----- Records to process
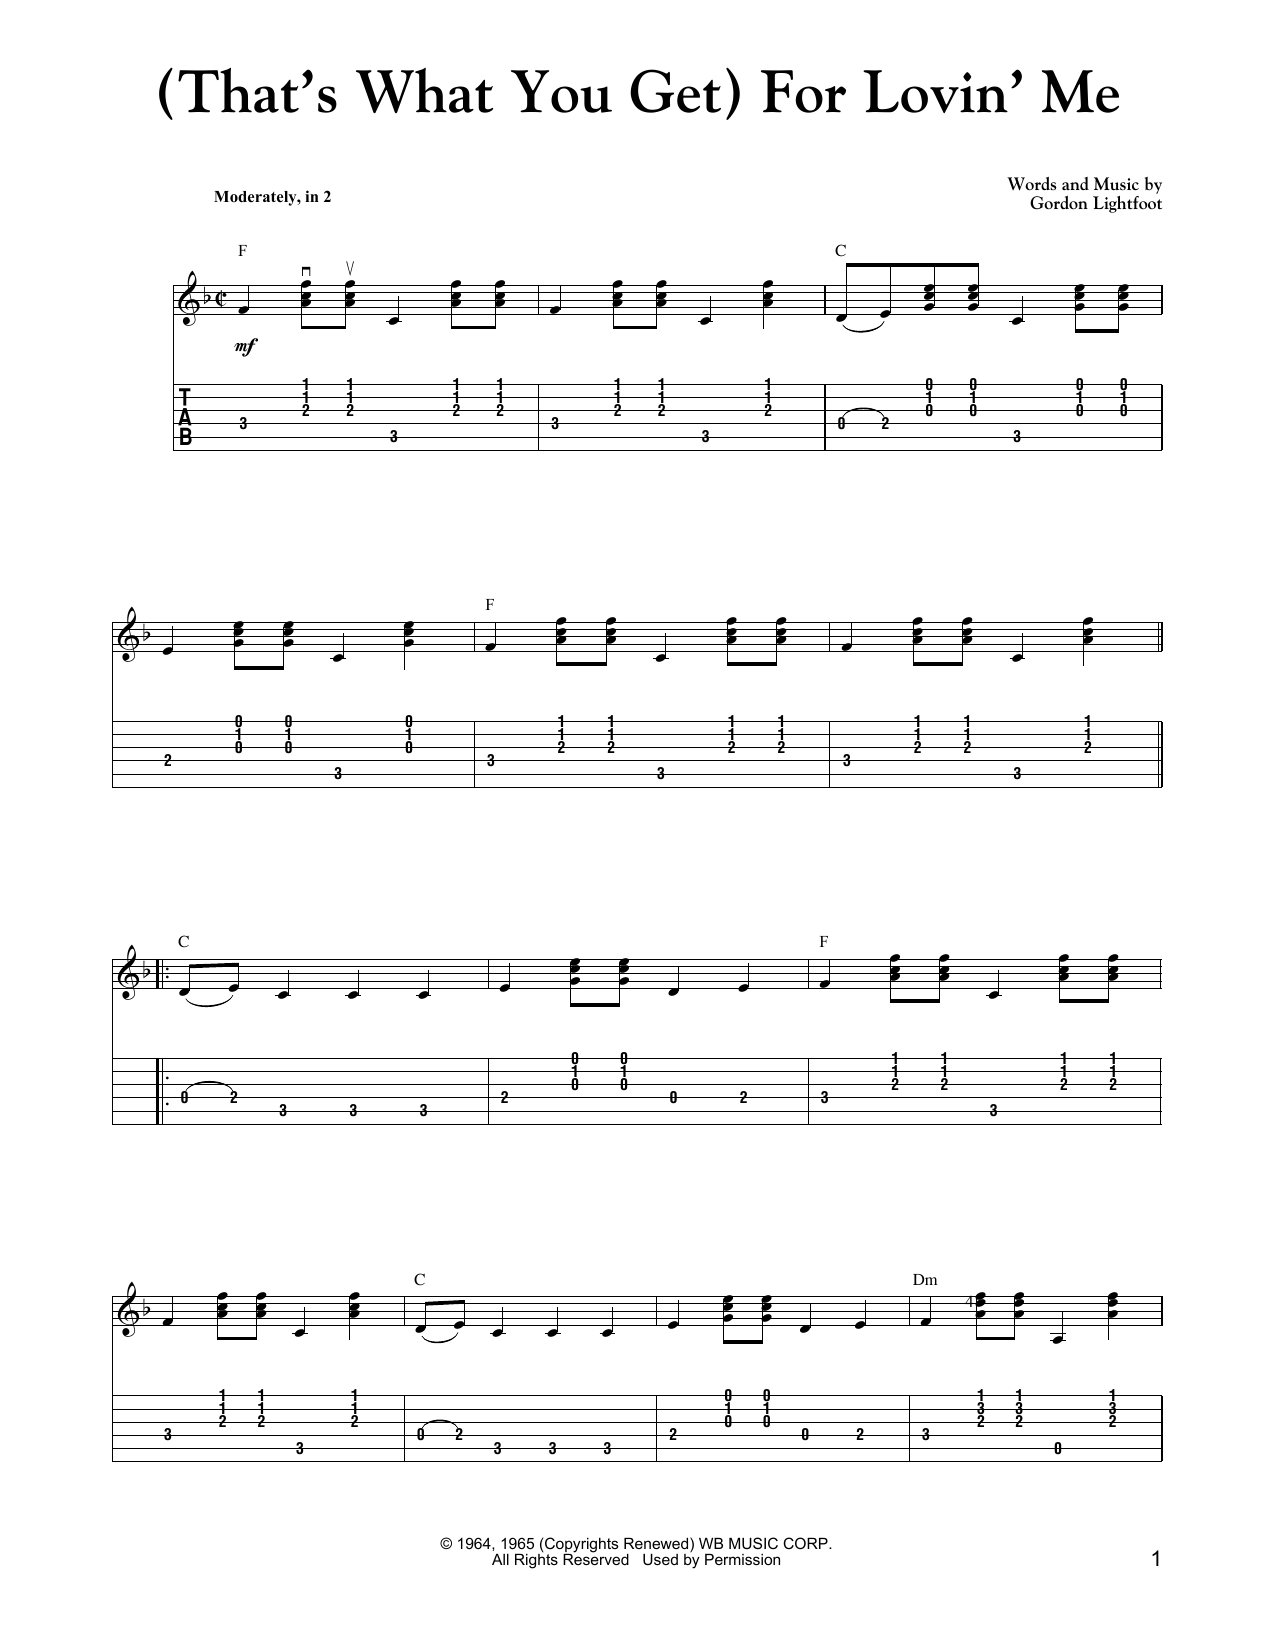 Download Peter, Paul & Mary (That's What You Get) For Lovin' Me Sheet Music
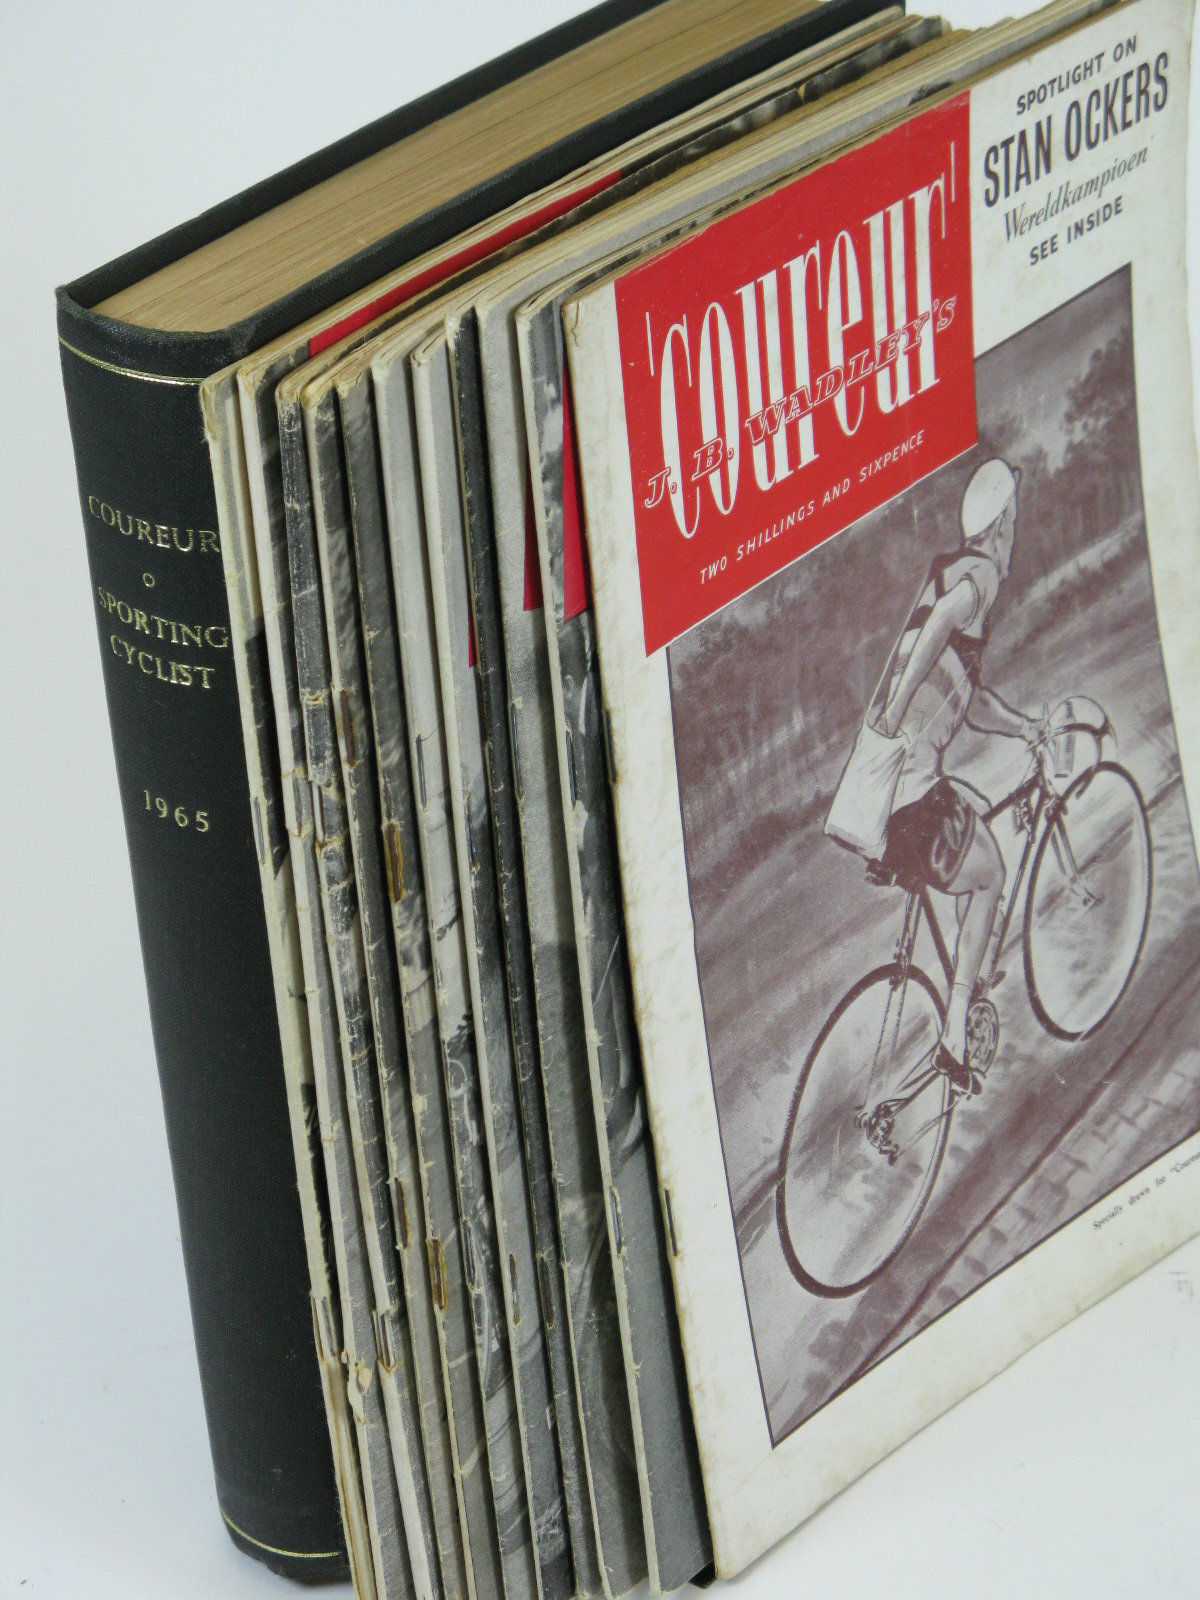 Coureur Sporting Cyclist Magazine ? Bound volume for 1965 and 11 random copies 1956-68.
----------
----- Records to process
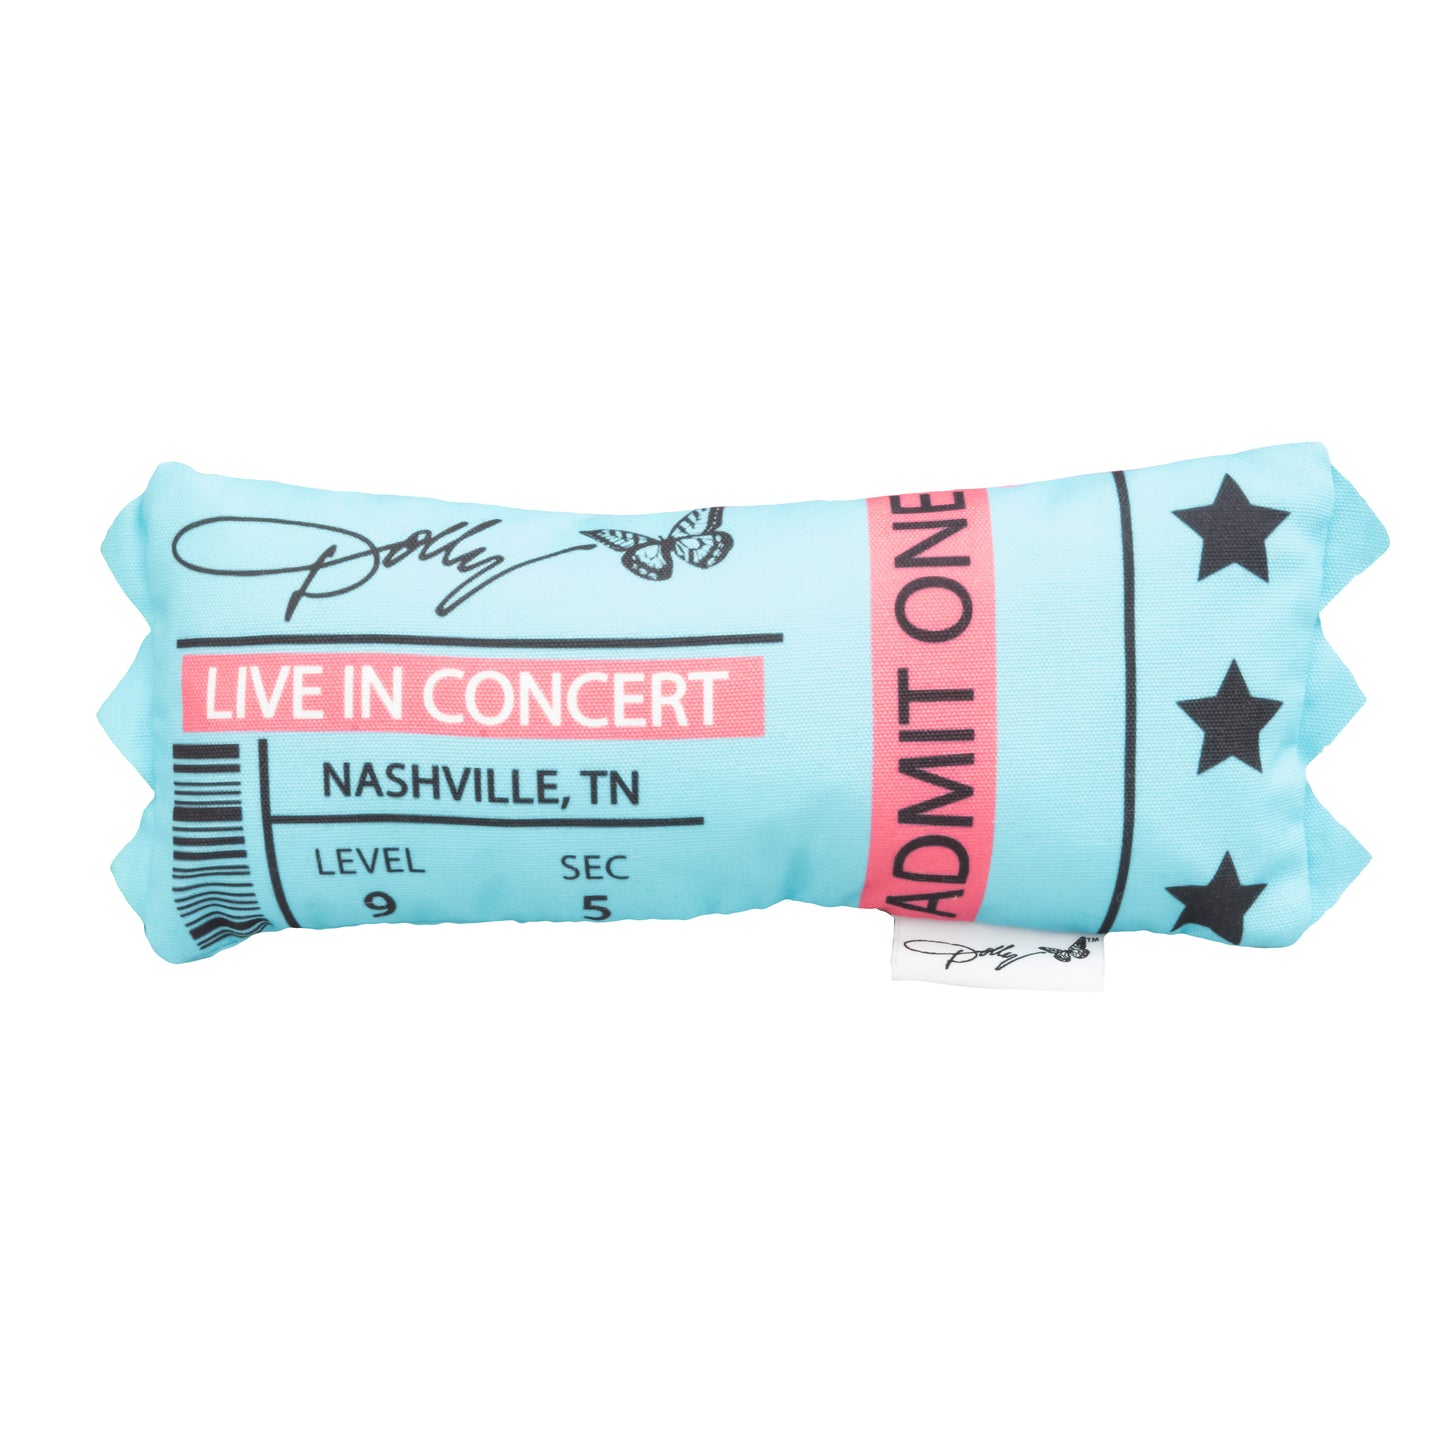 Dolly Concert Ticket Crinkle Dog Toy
----------
**Task details:**
Give back exactly, and solely, the section of the data above bounded by the line containing "Download Peter, Paul" and the line containing "Coureur Sporting Cyclist", both bounding lines included and pictures omitted.

**Answer space:**
 Download Peter, Paul & Mary (That's What You Get) For Lovin' Me Sheet Music
 Coureur Sporting Cyclist Magazine ? Bound volume for 1965 and 11 random copies 1956-68.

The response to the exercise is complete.